I don’t think they have anything to go in. As someone else said Apple is in a slightly better position, but it is protected as parody so they are out of luck too.

* When did Charlotte’s Web come out? Someone may have a case against the Orwell estate!

Reed says:

Kinda Pathetic

Comboman cracked,

“In the European Union it will enter the public domain in 2020. In the United States, it will enter the public domain in 2044, unless there’s another copyright extension before then (what are the chances of that happening).”

2044!? Thats real sad for the US. Of course we also spend twice as much on health care and more than all other countries combined on our military. I guess we just aren’t happy unless we are outdoing everyone else! LOL

Anonymous Coward says:

It’s really a satire of a TV commercial parody of a movie from the screenplay of a novel.
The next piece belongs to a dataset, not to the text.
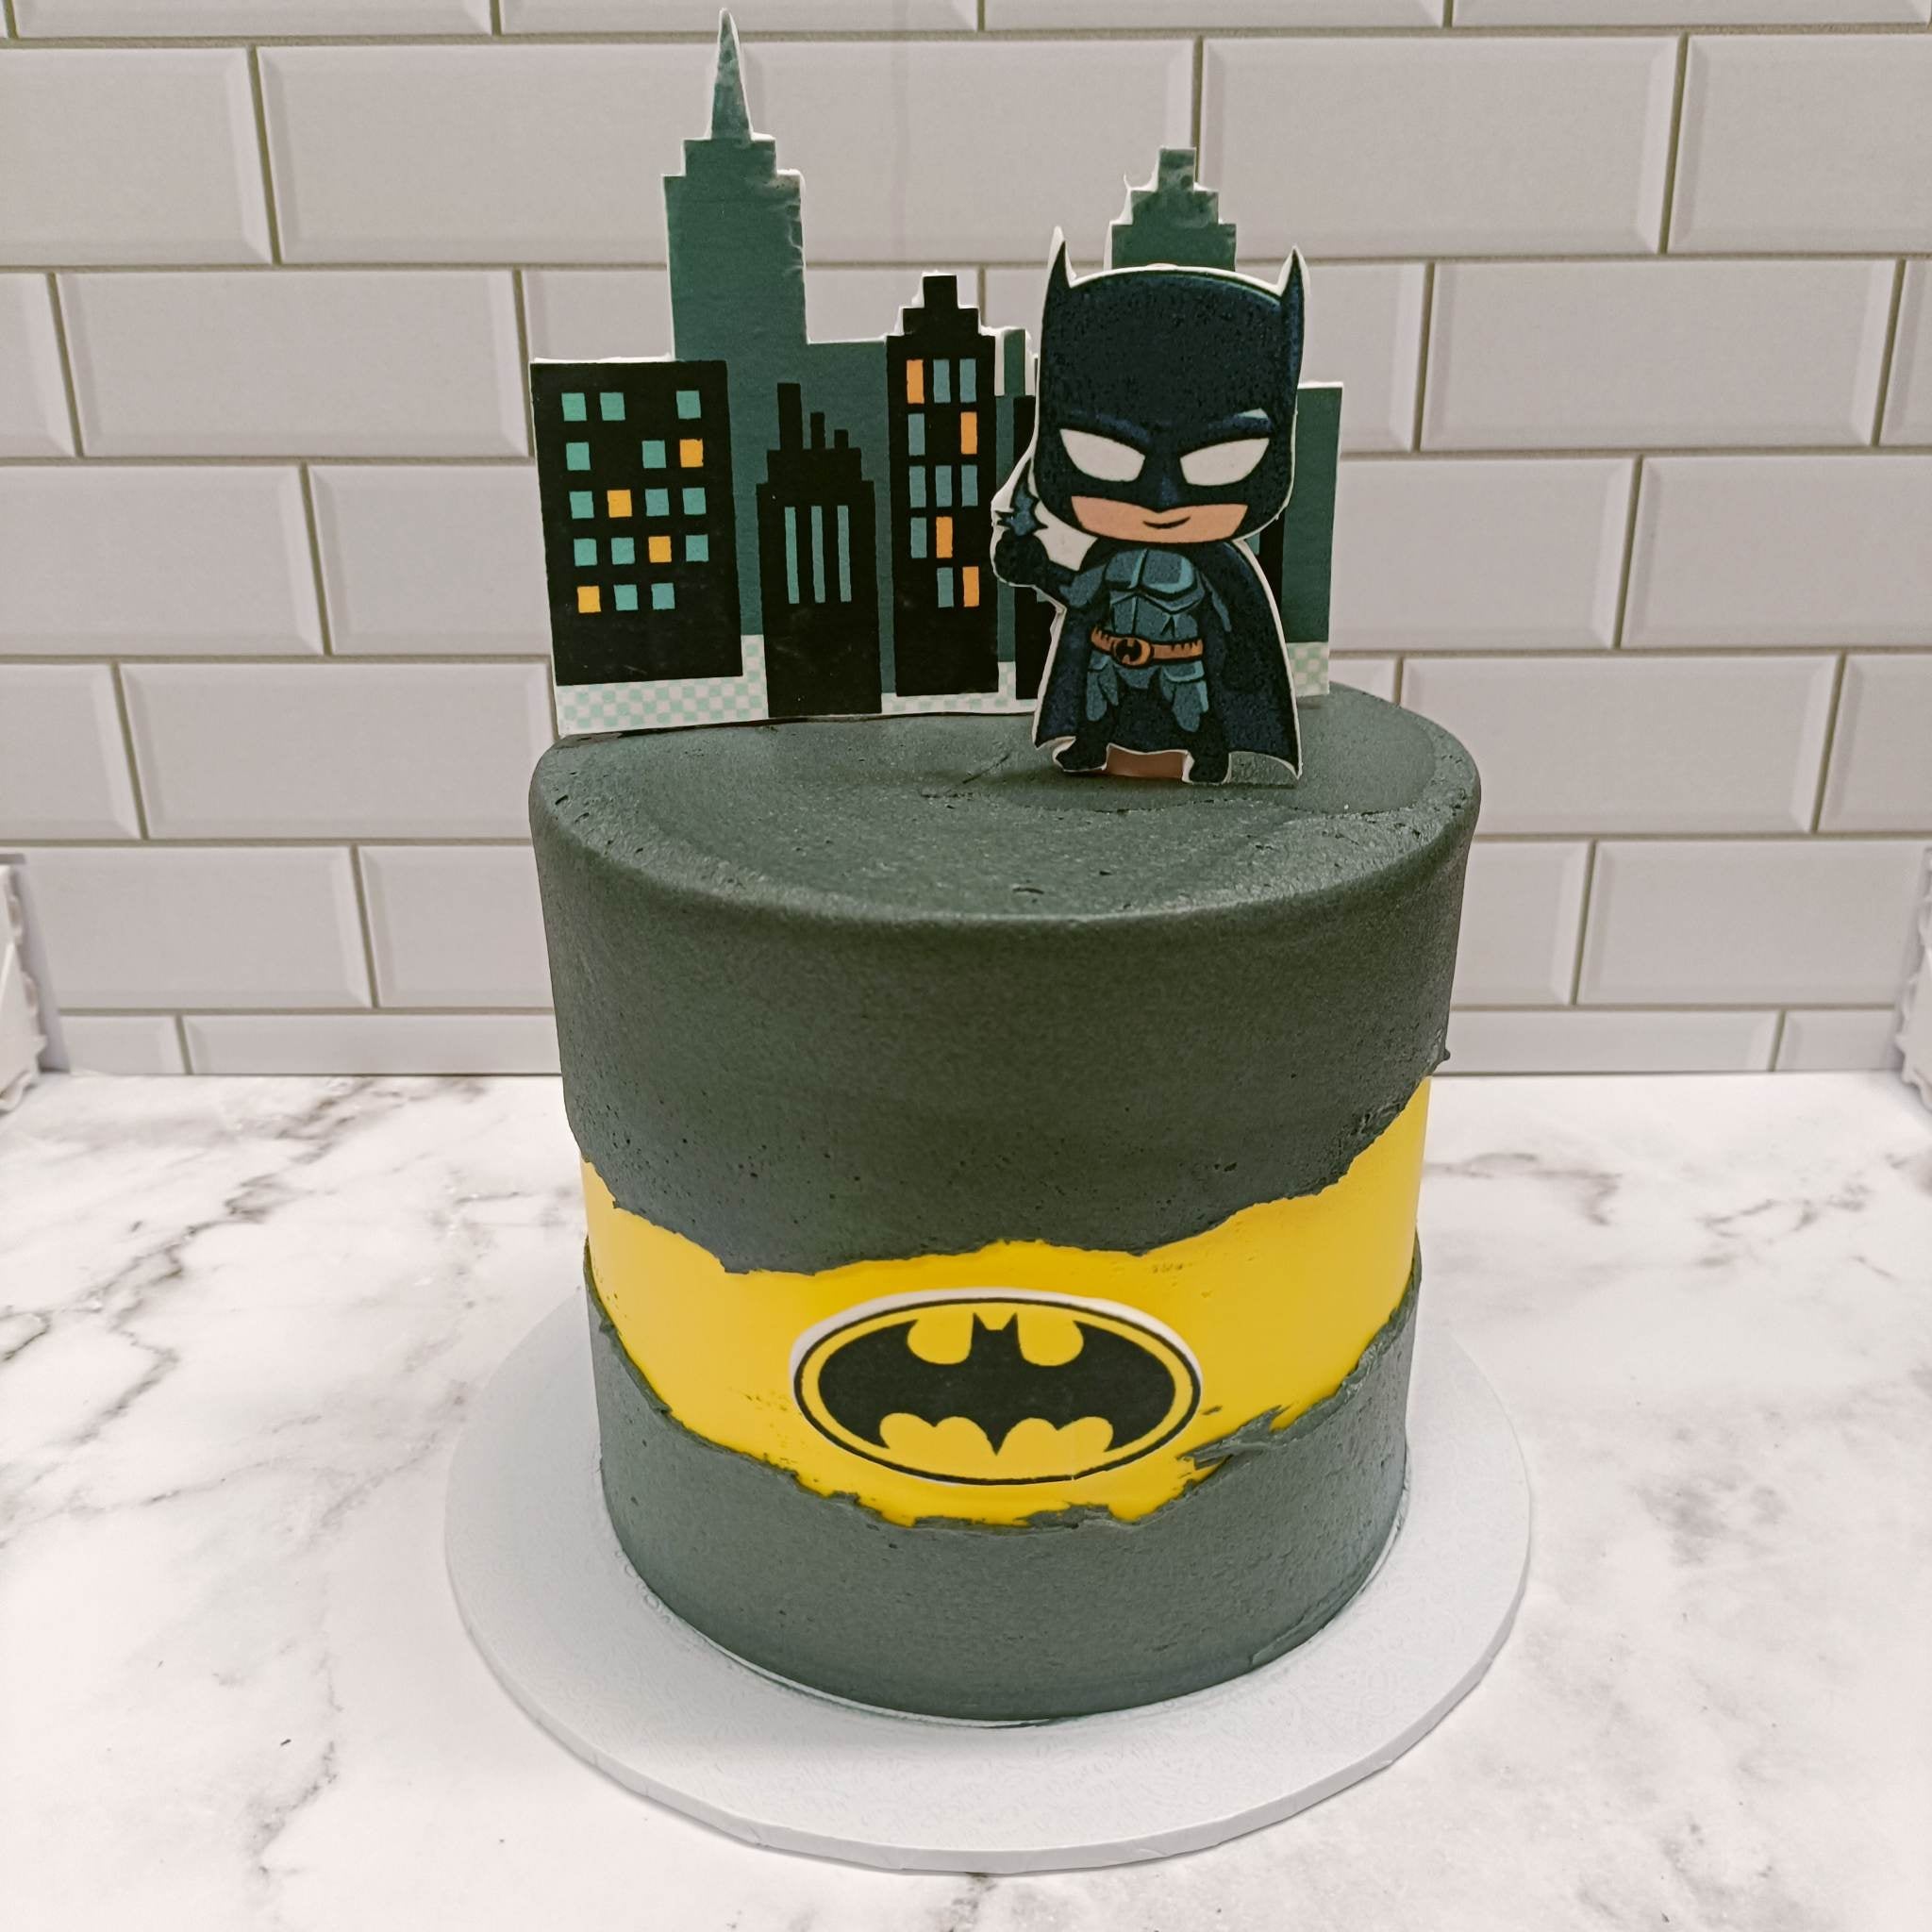 How to Make a Batman Cake

Protecting your own private property by availing yourself of the protections ostensibly enforced by your government is not the same thing as a government censoring the free expression of its citizens. If your actions violate the rights of another, calling it “free expression” and screaming for government sanction of your violation is not a defense of anyone’s natural rights.

rod taylor says:


Joe — you are absolutely right. The amazing thing is that Orwell was levelling his criticism at socialists, hence the title 1984. The thought control can only come from one direction — above. So it’s always the government or the courts. That’s why “hate speech” is such a disastrous and foolish thing. The notion of categorizing a form of speech or opinions as hateful has already begun to make problems for religious people . And the notion that some ass from the Orwell estate would threaten the maker of that parody of the apple add parodying 1984 is discpicable, not just annoying. He/she can go to hell. The sooner the better. If anything, I would argue that the estate’s property rights are enhanced, not damaged. Maybe they should pay. Bye.

Jack says:

“…you’d hope that a company that’s so concerned about protecting Orwell’s work and legacy would see some irony in using copyright law to stifle politically-motivated free speech.”

Not to mention, those who have actually read 1984 will recognize there is no description of a scene in the book remotely resembling the Apple ad.

|333173|3|_||3 says:

In fact the Apple ad is quite different from 1984, since in teh book the people all watching the screen in the big room were in teh 2 minutes hate, and were all angry, rather than passive. furthermore, the setting is largely delapidated London, not a fururistic city of tubes etc. Then there is the fact that only the Outer Party wear blue uniforms in 1984, not the shuffling proles.

1984 was not about scialism, it was about totlaitiarianism and repression by a party which no longer made any claim to scolialist ideals, only refering ot the improvment made since the revolution, and the name, Ingsoc, derived from English Socialism.